Universities also have similar issues as the high schools. Some lecturers are able to teach in one university because of family connections, not due to the real education, teaching experience and pedagogy.

It is unbelievable that some schools do not care about the future of students. They care only about profit. Some students gain nothing from classes, which waste time as teachers just read through - and what can they do if they already paid money? If they complain to school directors, they will give them the cold shoulder.

 Moreover, students lack research skills. Cambodian students seldom go to the library to find important books to read when they have free time. They usually spend their time doing useless things like riding motorcycles or going to a karaoke club and so forth.

As we can see, several problems are holding back improvements to the quality of our education.

After expressing my opinion about the poor quality of education, I still believe our education will be enhanced to the standards of other countries and every student will get a proper job after graduation.

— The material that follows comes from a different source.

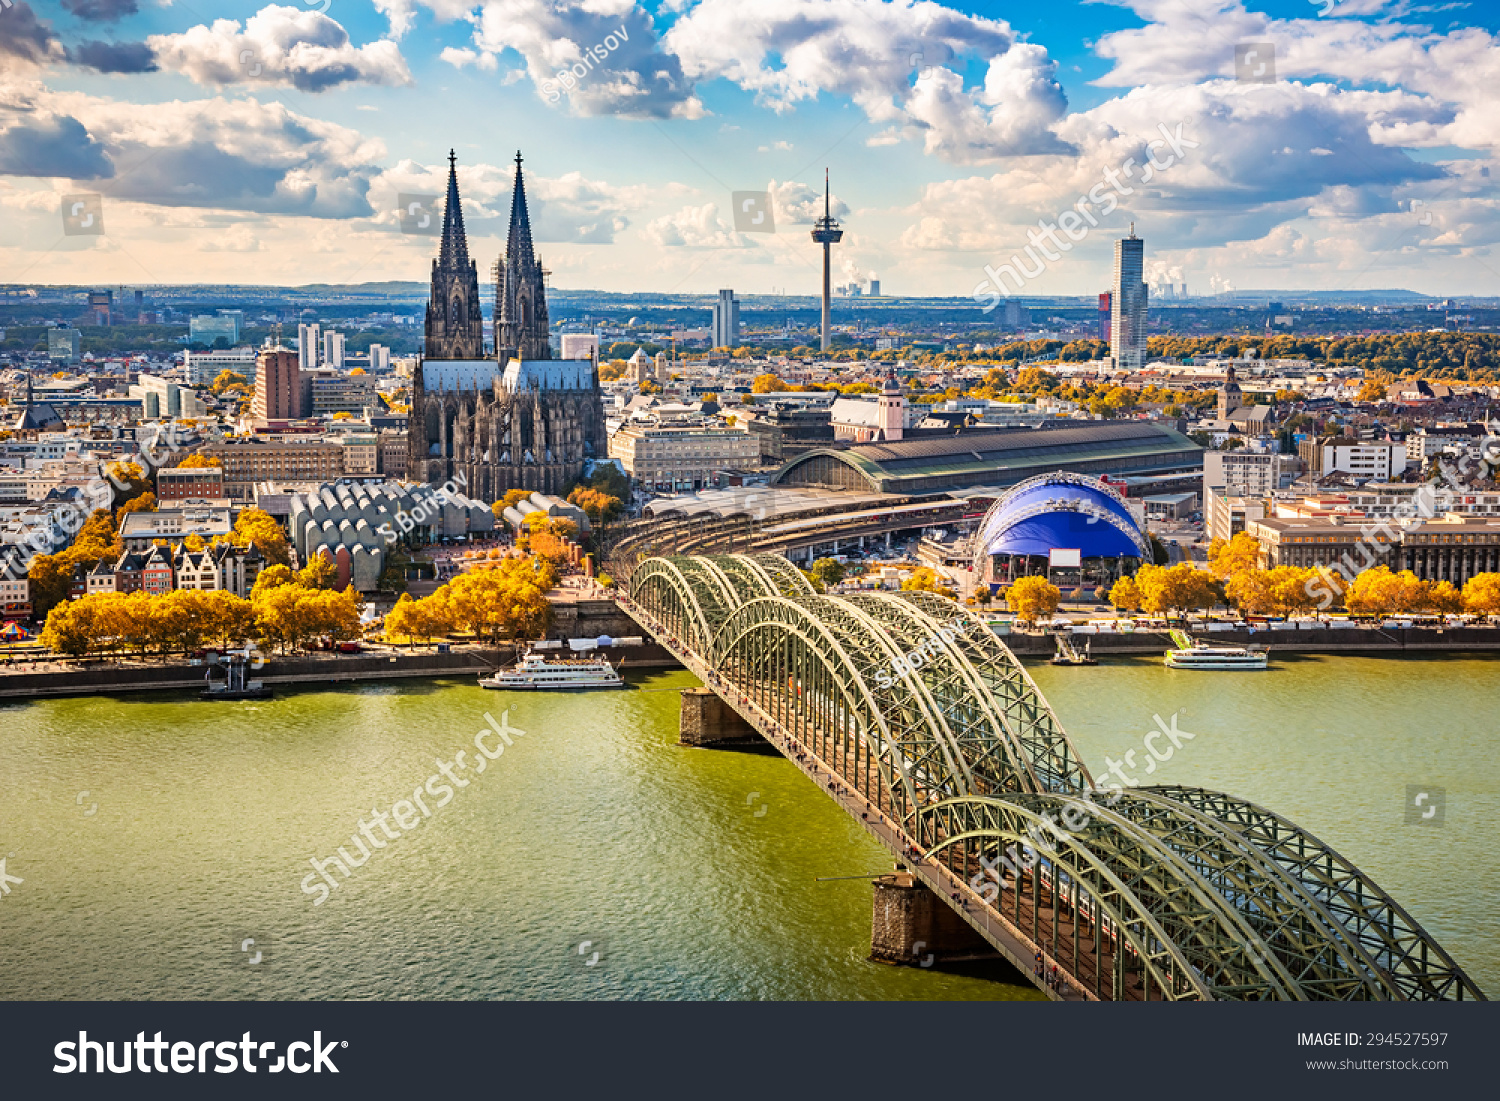 Aerial View Of Cologne, Germany Stock Photo 294527597 : Shutterstock

Having a higher quality of human resources can make a society run more smoothly.

I am a student - I cannot solve this problem. I can only express my feelings. All I can do just strive to study hard and be a volunteer for organisations such as AIESEC, which is the international organisation developing leadership skill and international exchange.

I succeeded in the first step in building my leadership skills recently when I became the vice president of incoming exchange in AIESEC. It has changed my entire life through the amazing international experiences. Everyone should volunteer, in any places, in order to gain experience.

If you just learn through theory without practising, it is worthless. You will forget it soon.

Practice begets success!

Hy Sovanna is a student at Pannasastra University of Cambodia. He is also vice president of incoming exchange for the international youth leadership platform AISEC.